Gunn speaks little; listens a lot - WLOX.com - The News for South Mississippi

Gunn speaks little; listens a lot

House Speaker Philip Gunn introduces his program at the town-hall meeting in Picayune, then he let the others do the talking. (Photo source: WLOX News) House Speaker Philip Gunn introduces his program at the town-hall meeting in Picayune, then he let the others do the talking. (Photo source: WLOX News)
PICAYUNE, MS (WLOX) -

Speaker of the House Philip Gunn did more listening than talking. Gunn ended his town hall tour in Picayune Thursday.

He calls the project "Mississippi Solutions - An Ideas Tour."

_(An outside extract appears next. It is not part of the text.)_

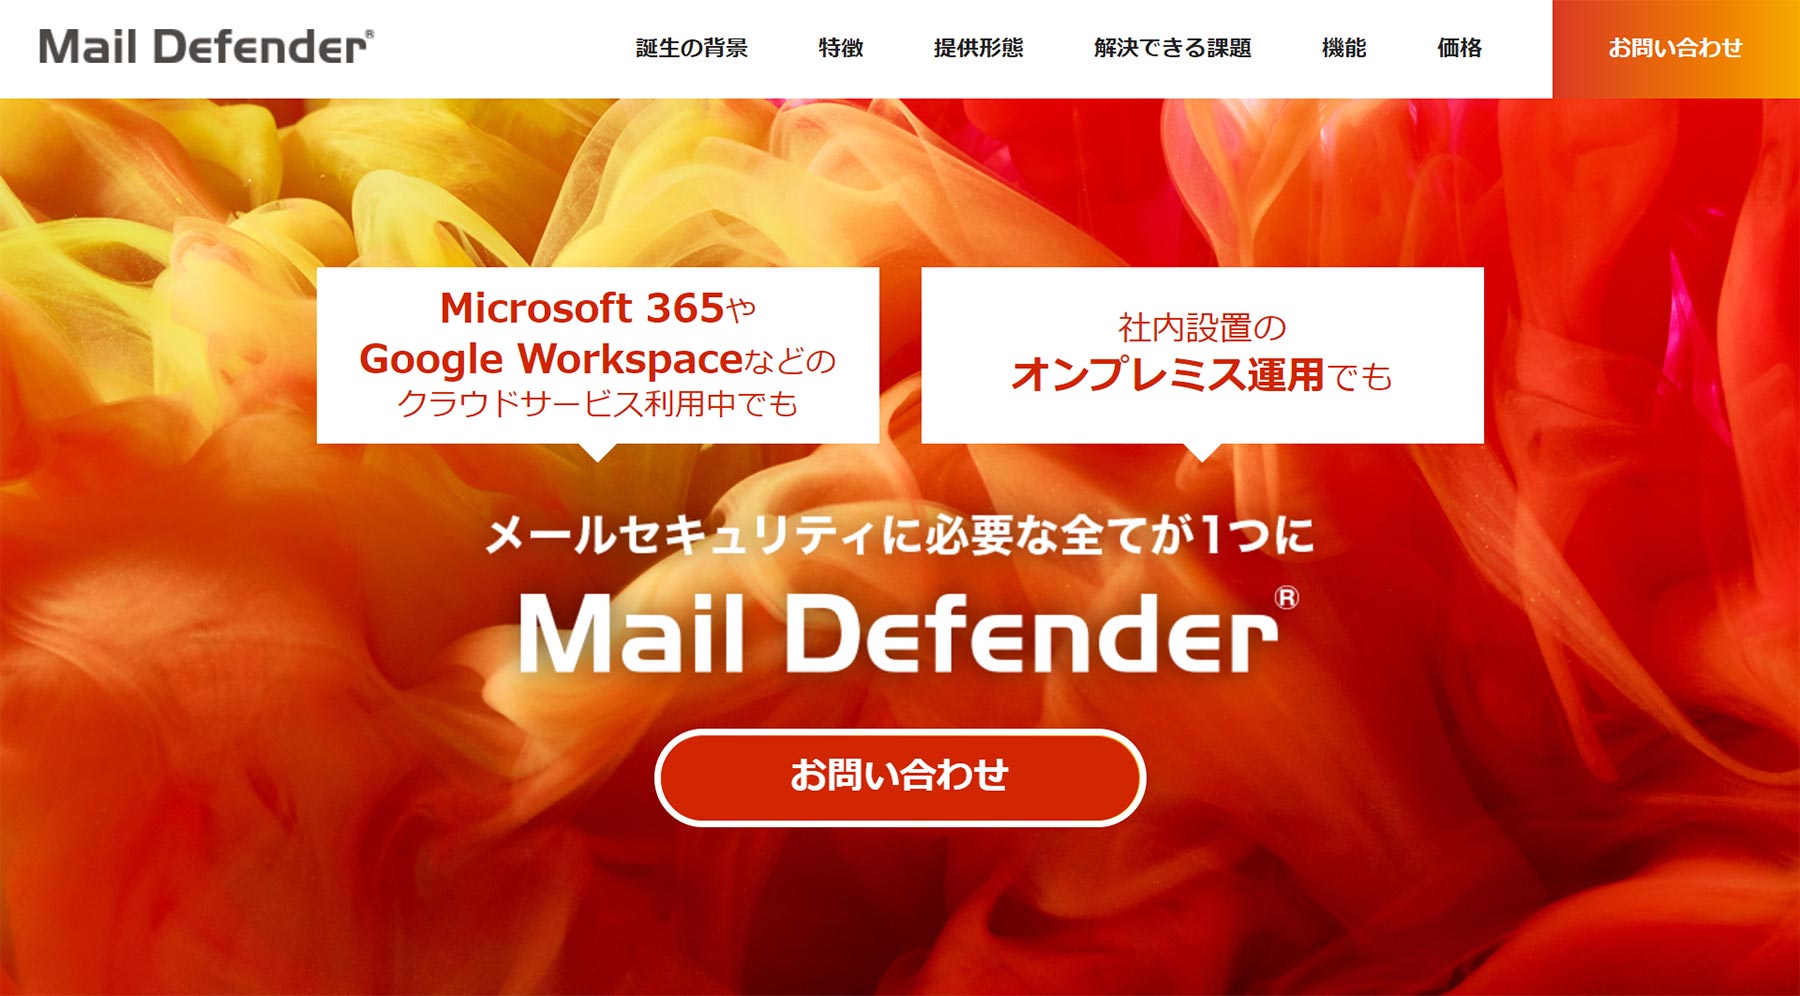 Mail Defender公式サイト

The Picayune stop was the last of a four-day, eight-city tour in Mississippi.

This is the third year of Gunn's idea tour, and each year, he says he strategically selects cities to widen the network of residents involved.

Gunn says it's important for government to reach out, because it's too difficult the other way around.

"Every year, we're positioning ourselves within an hour's drive of every citizen," Gunn said. "And I call that bringing the legislature to the people. We want to get out; we want to hear what's on your mind; what your thoughts are; what your concerns are and hear any ideas you may have for improving our state."

Gunn said that the process has worked. Last year's tour yielded two ideas that were eventually signed into law: a law that reactivates the Mississippi Historic Preservation Tax Incentives Program; and a law that provides a tax credit on vehicle tags for law enforcement officers and firefighters injured in the line of duty.

More than 50 people gathered at Picayune City Hall to speak out and hear others. Along with Gunn, the team of listeners included city officials and state legislators. And the suggestion box got stuffed.

Sue Suter of the United Way of South Mississippi, urged continued support of early childhood education.

"I just hope that continues, that focus on early childhood as an indicator, when a child's brain is 90 percent developed by the age of 5, it's too late by the time they get to third grade," she said.

Other suggestions included animal cruelty law reform; support to add more internet access in public libraries; and campaigns championed by the state department of education aimed to improve family values and parenting skills.

Among the more impassioned pleas came from Jeremiah Boddy, a 20-year-old college student from Jackson.

His concern? Election reform for a divided political state.

"I believe that I as a Republican should determine who I want to be the nominee," he said. "I don't believe that people from other parties should be able to come in and disenfranchise my vote for which millions of men have died to give me the right for it in the first place."